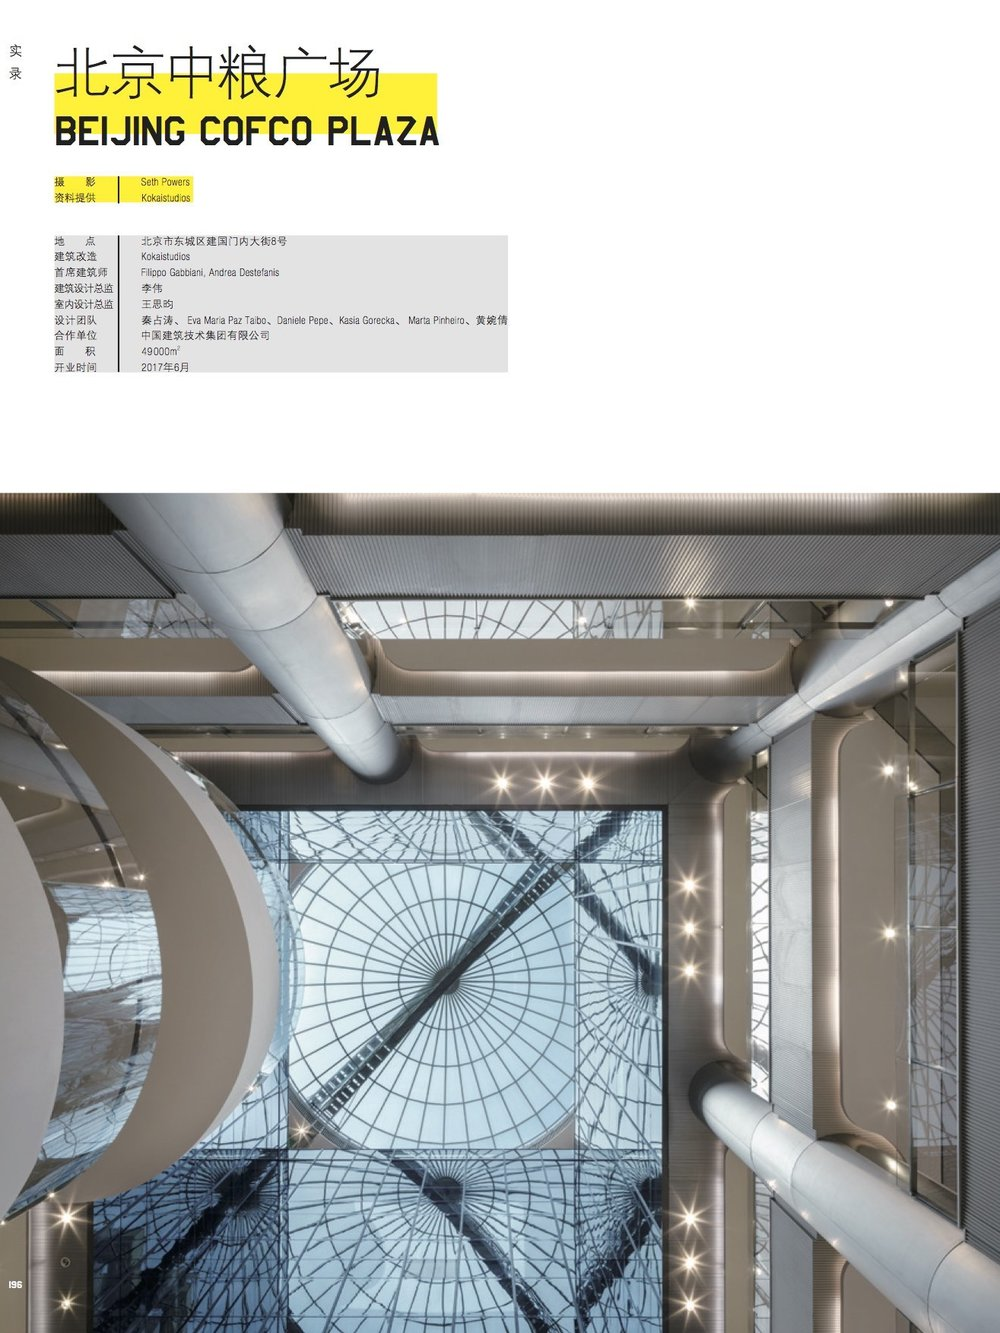 Interior Designer | Vol 66 March 2018 - Beijing COFCO Plaza |Kokaistudios
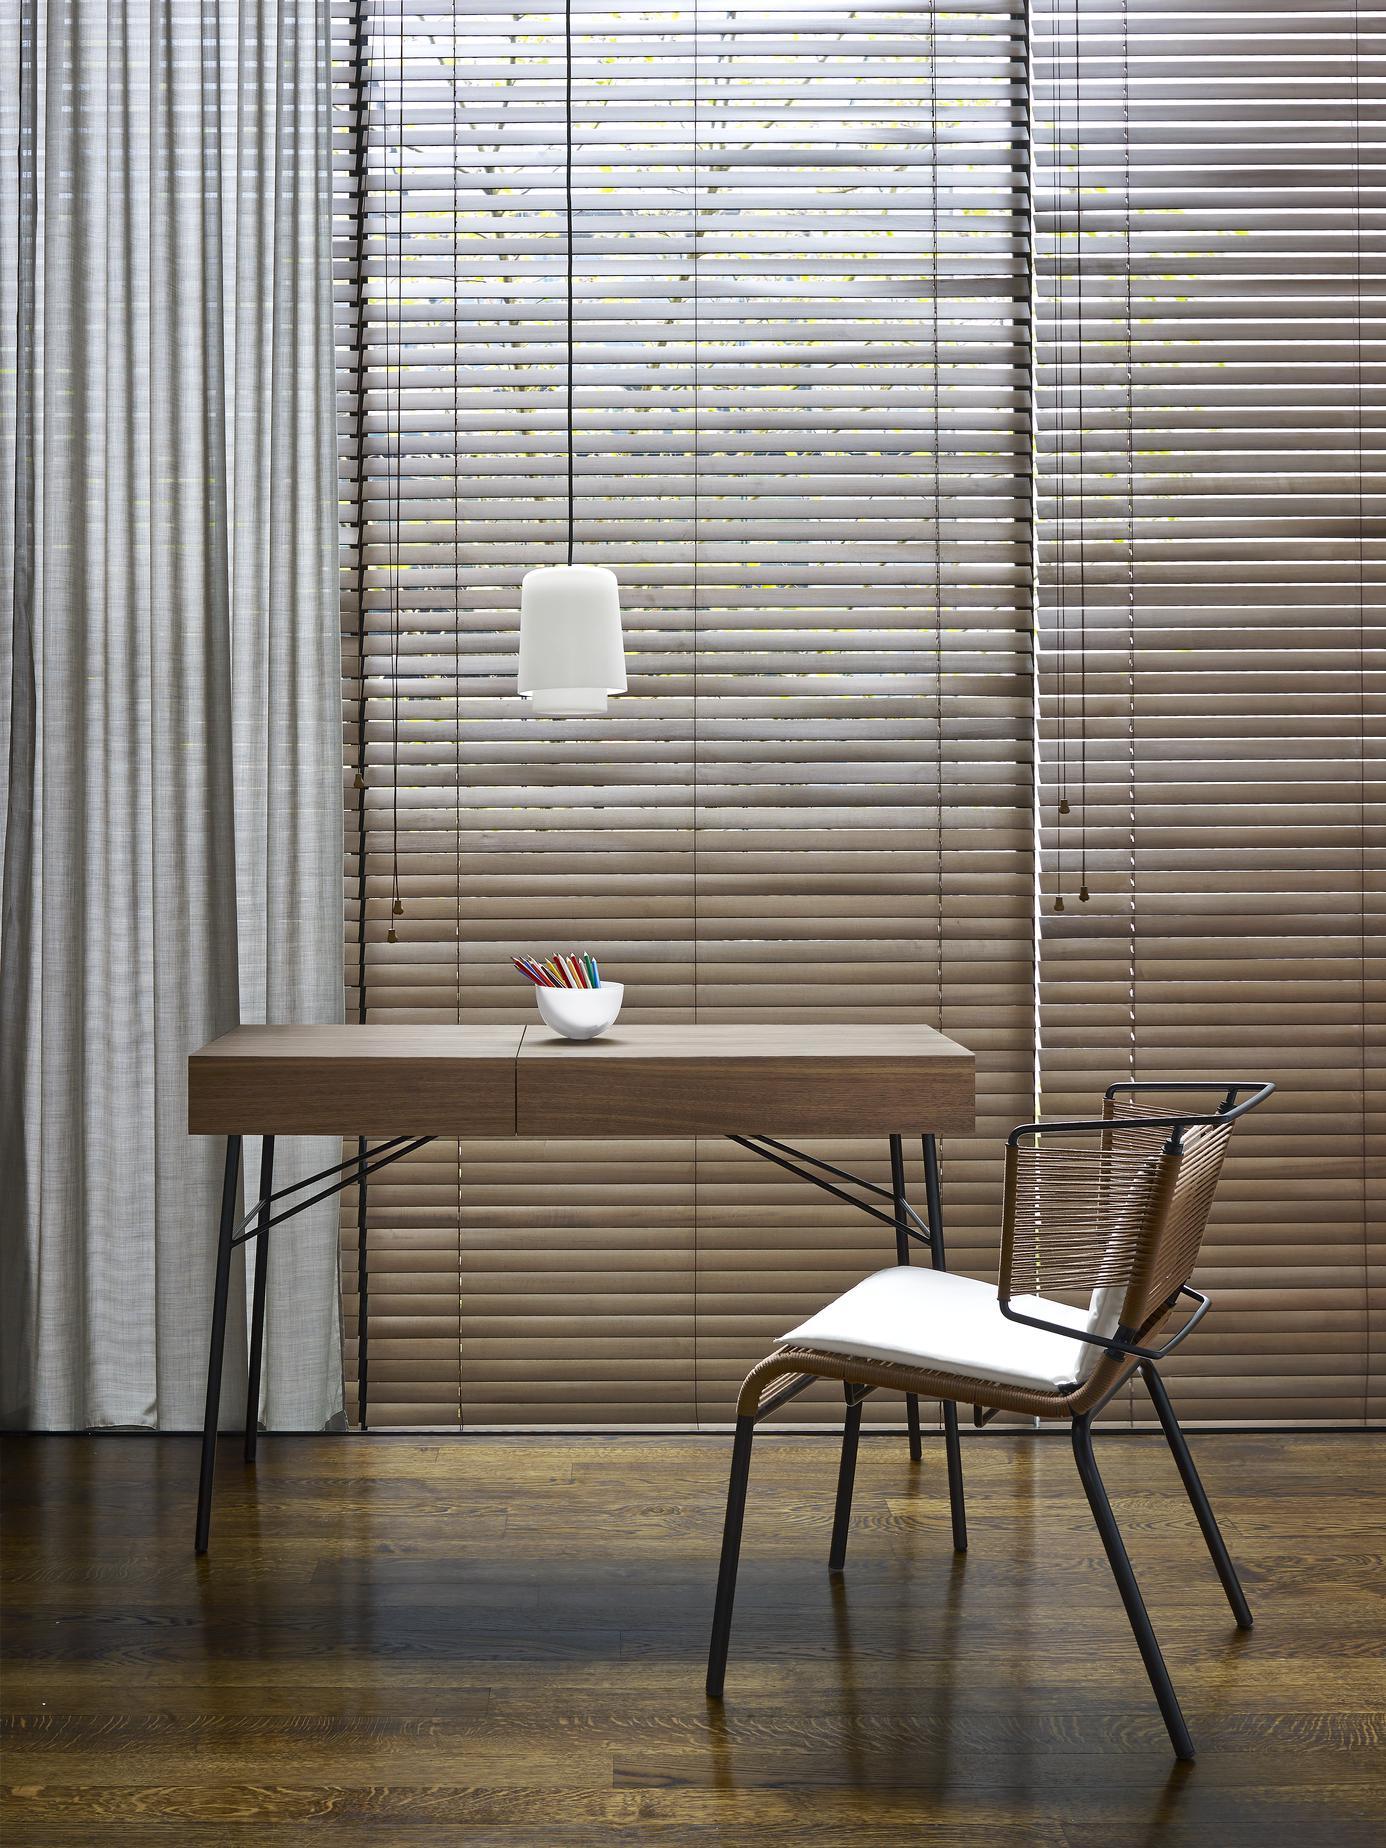 juliette bureaux et secr taires designer evangelos vasileiou ligne roset. Black Bedroom Furniture Sets. Home Design Ideas
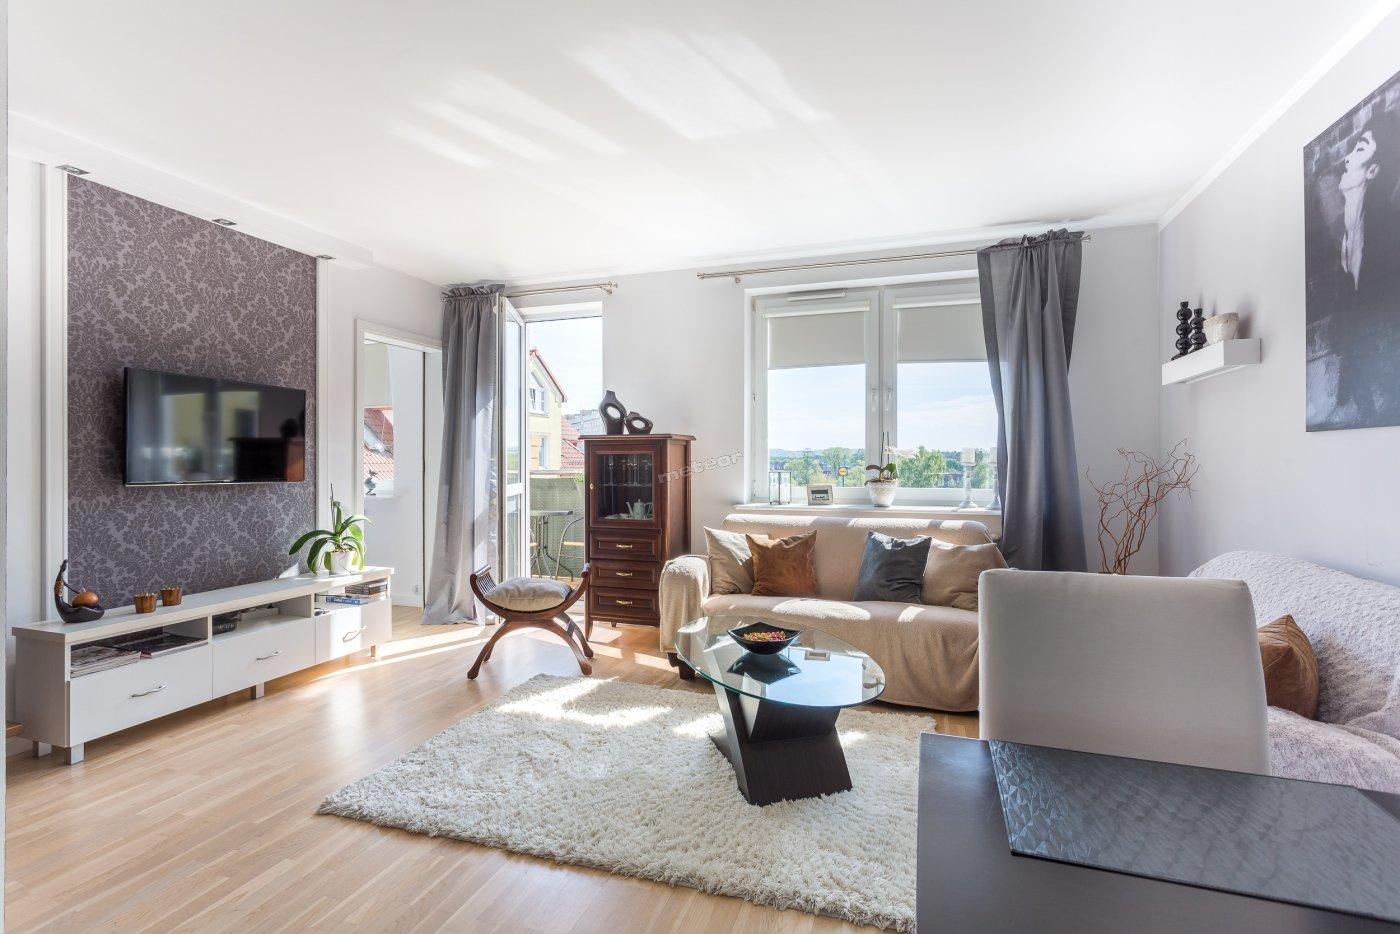 Apartament MOLO 3-pokojowy

-- Exercise instructions --
Print the material exactly as given, but not the pictures.

-- Response --
 Interior Designer | Vol 66 March 2018 - Beijing COFCO Plaza |Kokaistudios
 juliette bureaux et secr taires designer evangelos vasileiou ligne roset. Black Bedroom Furniture Sets. Home Design Ideas
 Apartament MOLO 3-pokojowy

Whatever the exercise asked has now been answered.